The impressive clinical efficacy of LDK378 during this early-phase study led to the designation of Breakthrough Therapy by the FDA in March 2013 for the treatment of patients with ALK-positive metastatic NSCLC who progressed during treatment with or were intolerant to crizotinib.16 The designation was intended to expedite the development and review of drugs that treat serious and life-threatening conditions and that have demonstrated substantial improvement over existing therapies on at least one clinically significant endpoint.

Future Challenges

Despite the initial response, many patients with ALK-rearranged NSCLC eventually become refractory to crizotinib treatment, and several mechanisms of acquired crizotinib-resistance have been discovered.
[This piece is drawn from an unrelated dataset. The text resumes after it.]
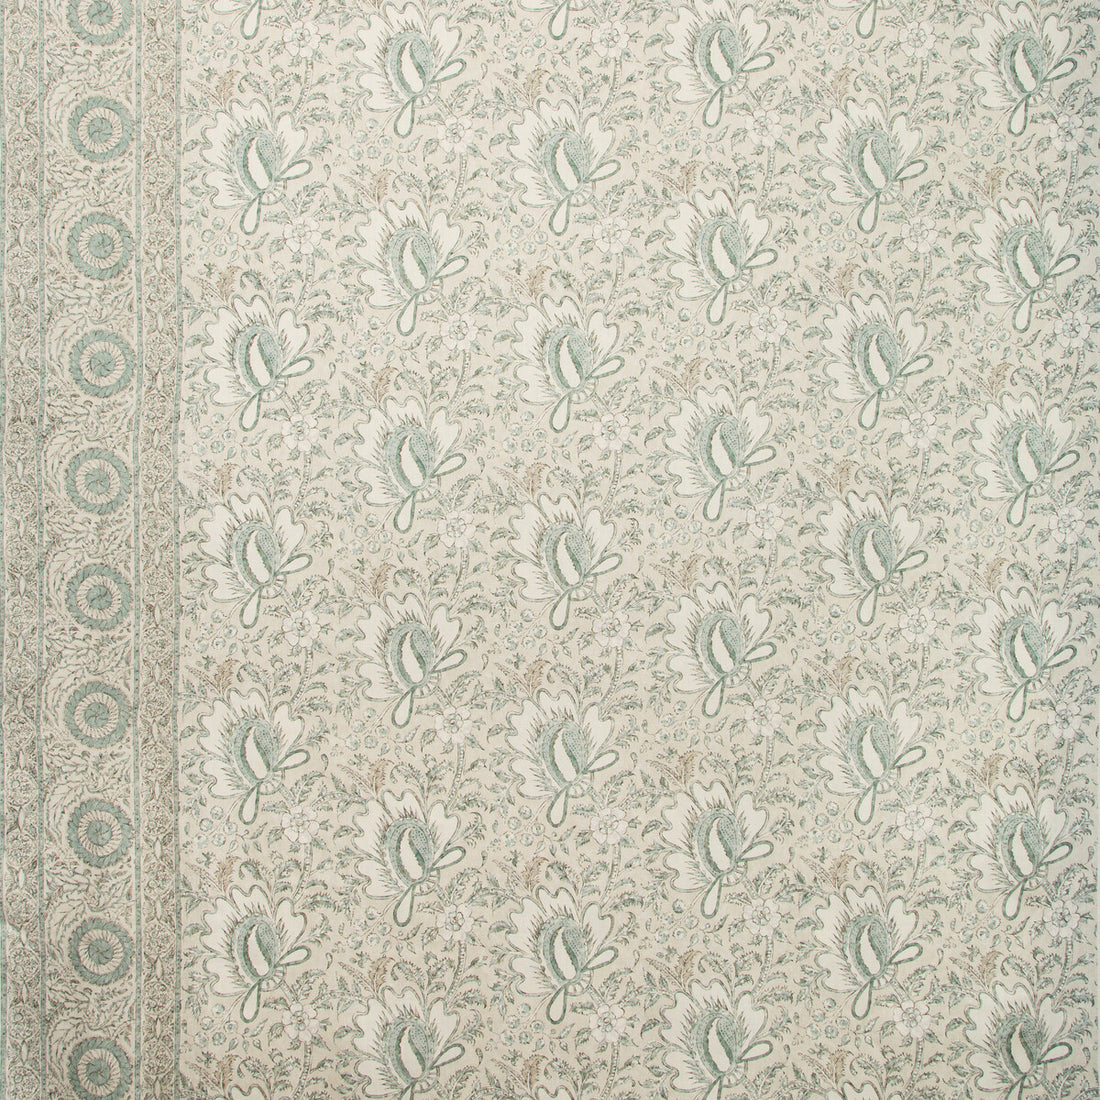 Dove Meadow fabric in lakeland color - pattern 2019150.13.0 - by Lee Jofa in the Carrier And Company collection

A third of the acquired resistance may be due to secondary mutations in the ALK tyrosine kinase domain or amplification of the ALK fusion gene.17 The ALK mutations identified from patients with crizotinib-treated NSCLC include 1151Tins, L1152R, C1156Y, F1174C, L1196M, G1202R, D1203N, S1206Y, and G1296A. The other third bypass the ALK inhibition by activating compensatory signaling pathways such as EGFR, KIT, or KRAS, whereas the mechanisms for the last third have not yet been determined. In addition to developing LDK378 as monotherapy in crizotinib-naïve and -resistant ALK-rearranged NSCLC (ClinicalTrials.gov Identifier NCT01828099, NCT01828112), efforts are also under way to develop rational LDK378-based combination therapies, including combination therapy with the heat-shock protein 90 inhibitor AUY922 (NCY01772797).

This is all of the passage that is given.